Zinaida Vengerova (April 19, 1867 – 1941) was a Russian literary critic and translator. She is considered one of the few women who were highly educated during her time, having studied in universities in Russia, France, and England. For her works, she had been described as "a literary ambassador between East and West". She also influenced the first generation of Russian symbolists through her writings about French symbolism.

Biography 
Vengerova was born on April 19, 1867 in Sveaborg. Her mother, Paulina Iul'evna (Pauline Wengeroff), came from a wealthy family and was also a published author. Her grandfather on her mother's side, Ieguda Epstein, was noted for his commentaries about the Talmud. Her father, Chonon (Afanasy), was a banker in Minsk. Vengerova had two brothers and four sisters. Semyon, the older of her two brothers, became an author, academic, literary historian, and, like Vengerova, a literary critic. He is considered a pioneer of Russian literary history.

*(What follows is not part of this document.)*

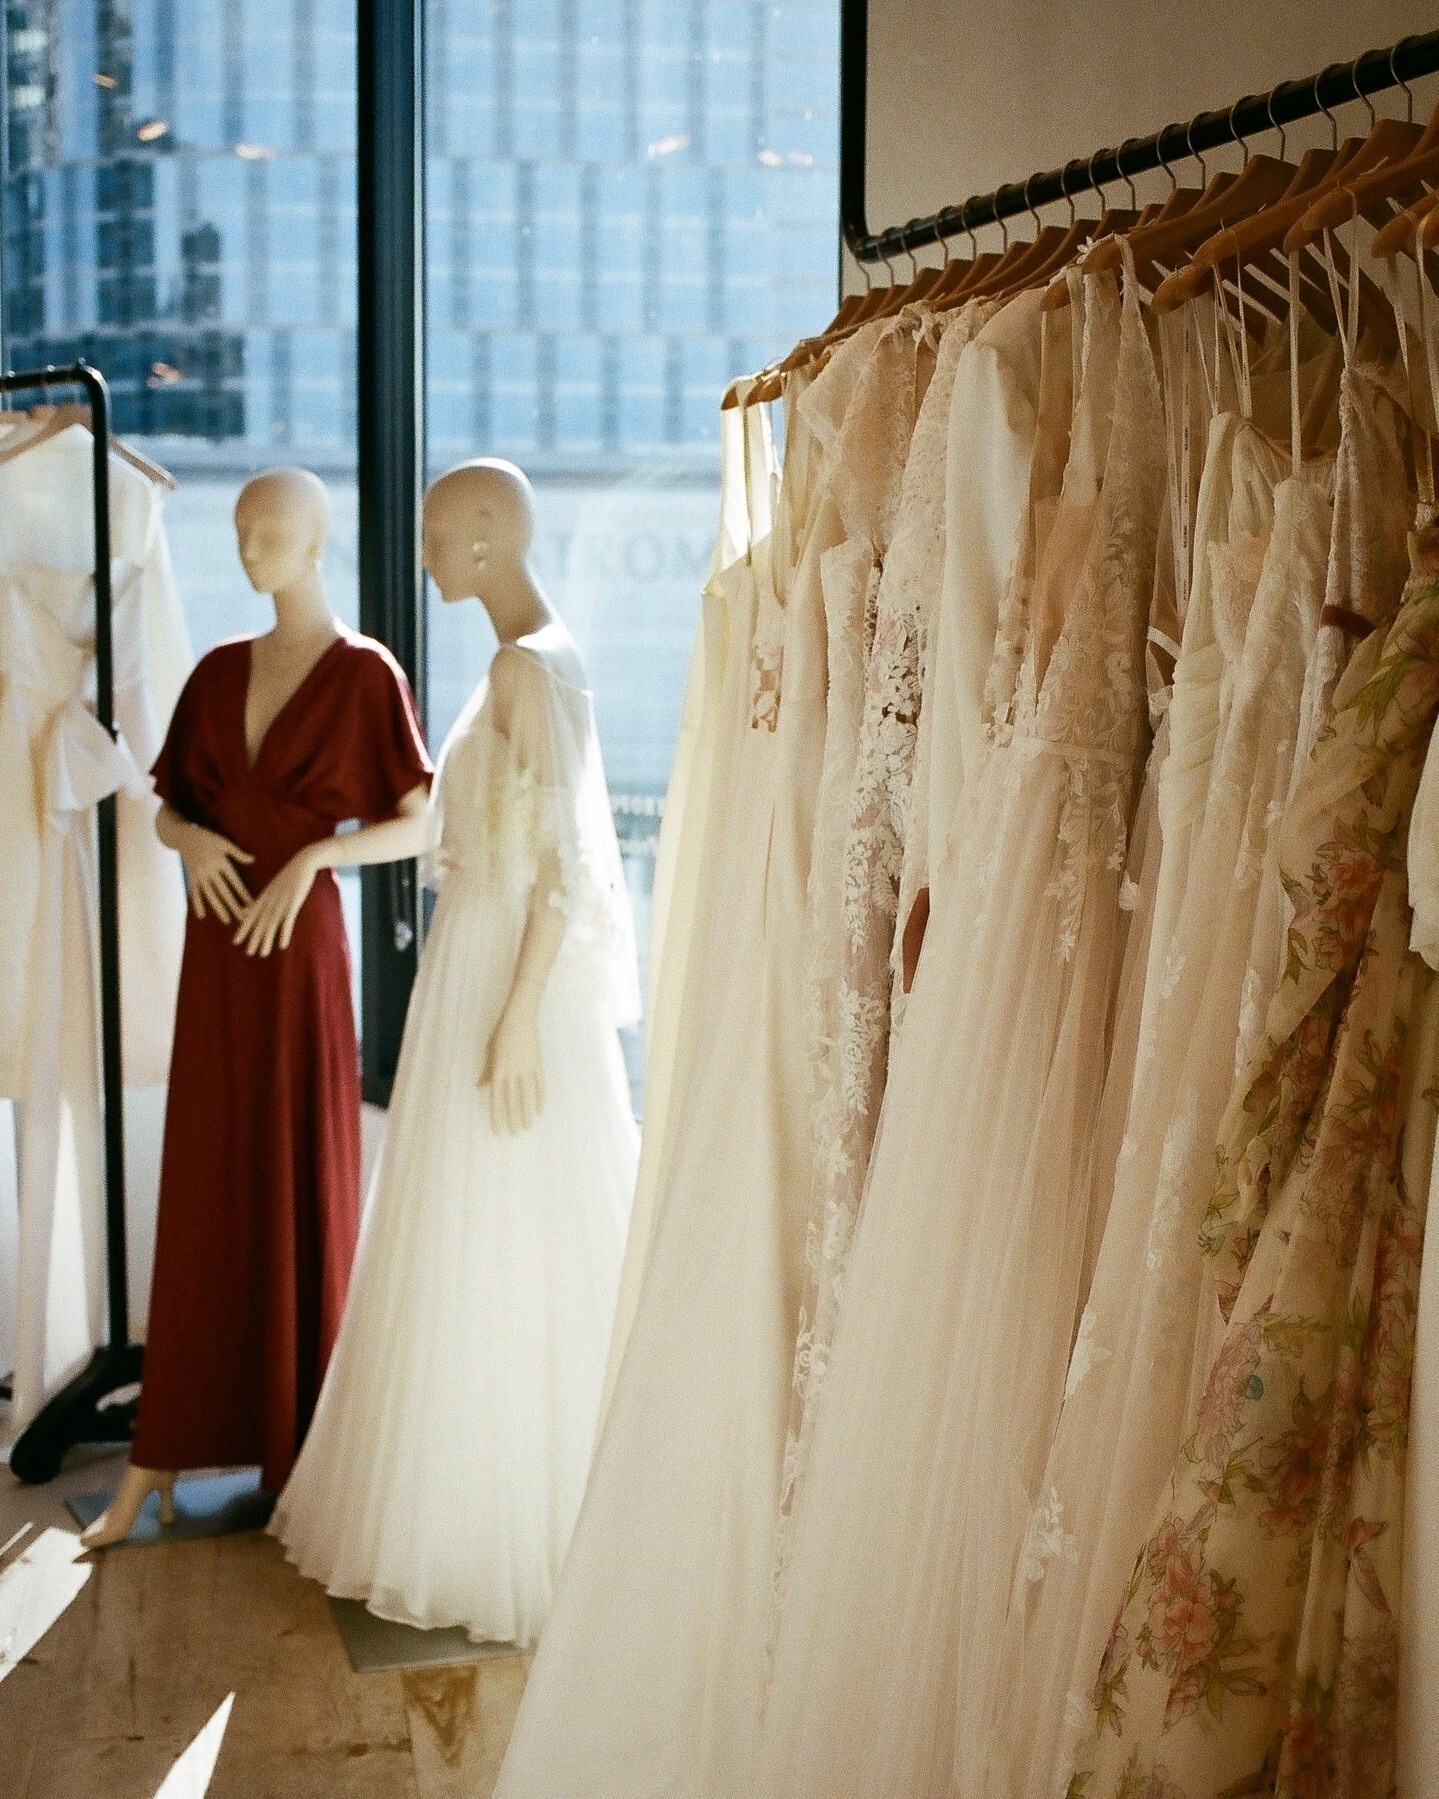 A range of wedding dresses are displayed at an Anthropologie store at BHLDN Century City, Los Angeles

Vengerova grew up in Saint Petersburg before her family moved to Minsk, where she completed her gymnasium education in 1881. At an early age, Vengerova was exposed to literature and foreign languages. She continued her education in Vienna, where she studied in western European literature and went back to St. Petersburg to study at the Institute of Higher Studies for Women from 1884 to 1887.

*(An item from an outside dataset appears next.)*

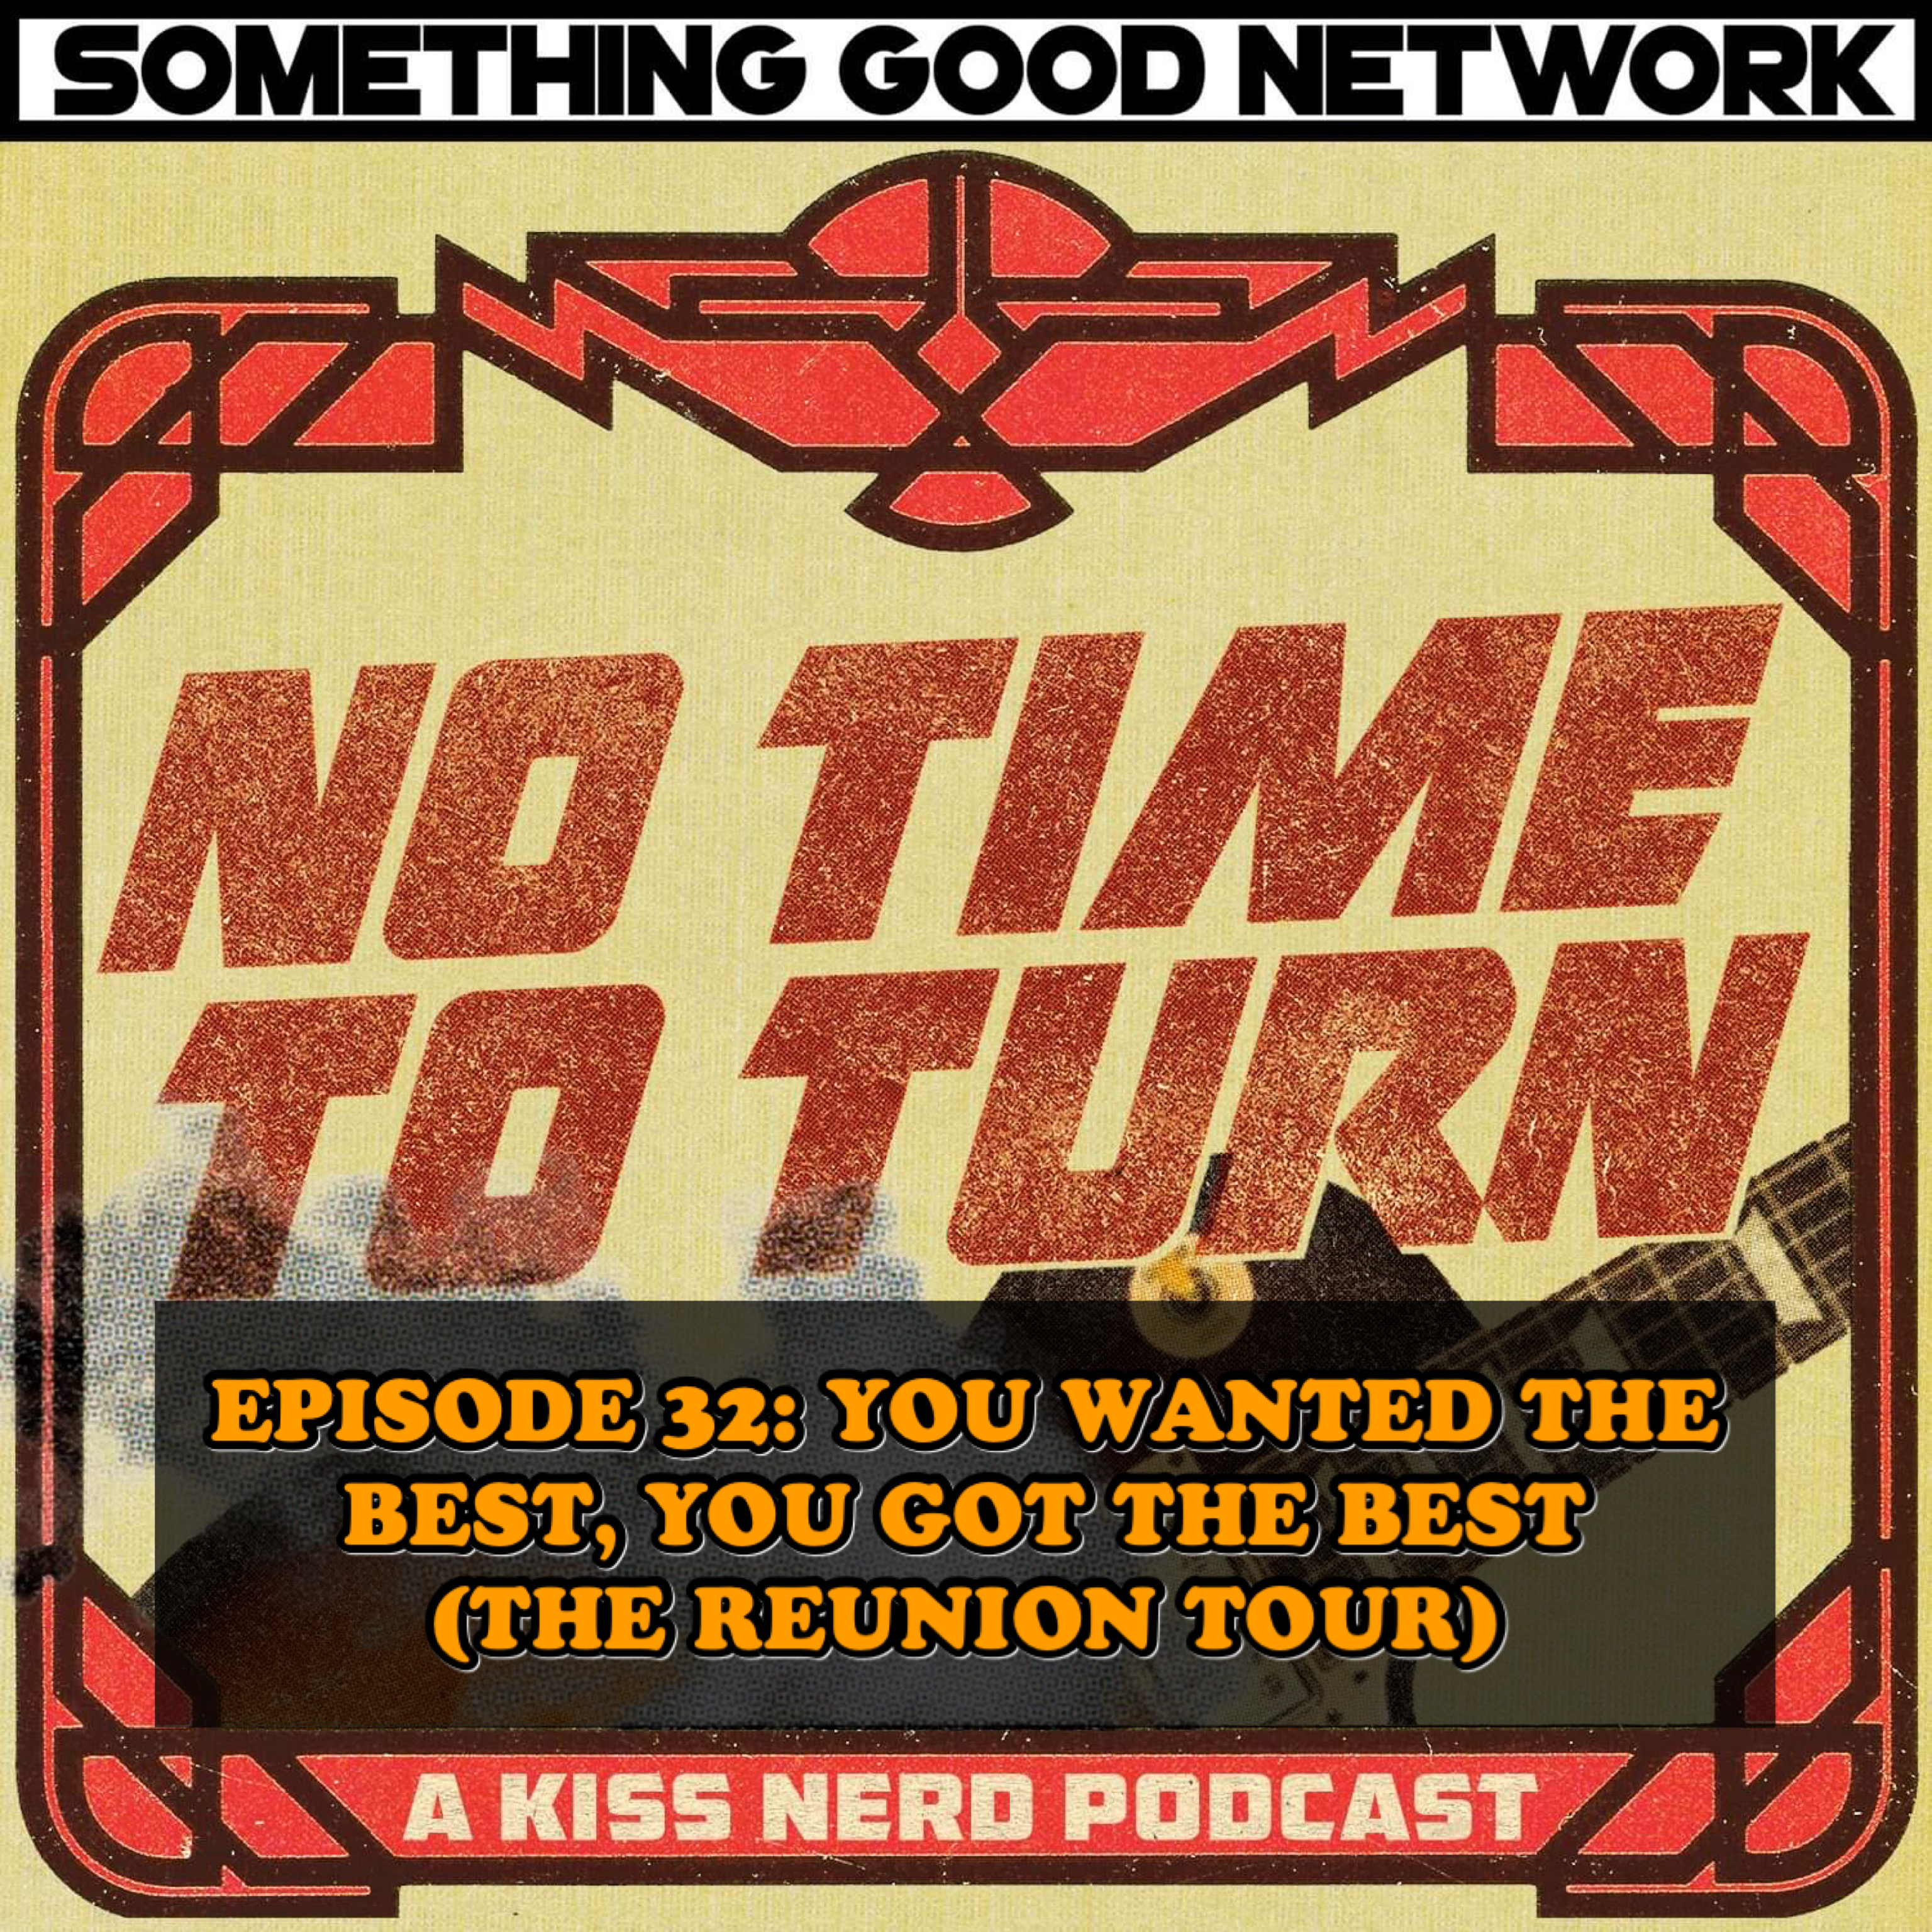 Episode 32 - You Wanted The Best, You Got The Best

Vengerova relocated to Paris, where she took classes in literature at the Sorbonne. 
She became acquainted with and was a long-time friend of Olga Petit, the first French woman to become a lawyer. In 1925, Vengerova married the symbolist poet Nikolai Minsky.

Vengerova was an emigré in Berlin, then Paris, and London. She went to live with her sister Isabelle Vengerova - a noted pianist - in New York after her husband's death in 1937 and lived there for four years. She died in 1941.

Works 
Vengerova moved to London to work for the British Museum. From 1908 to 1912, she built her reputation in England serving as a specialist in Russian literature. By 1917, her translation of B.V. Savinkov's The Pale Horse was published in London and Dublin.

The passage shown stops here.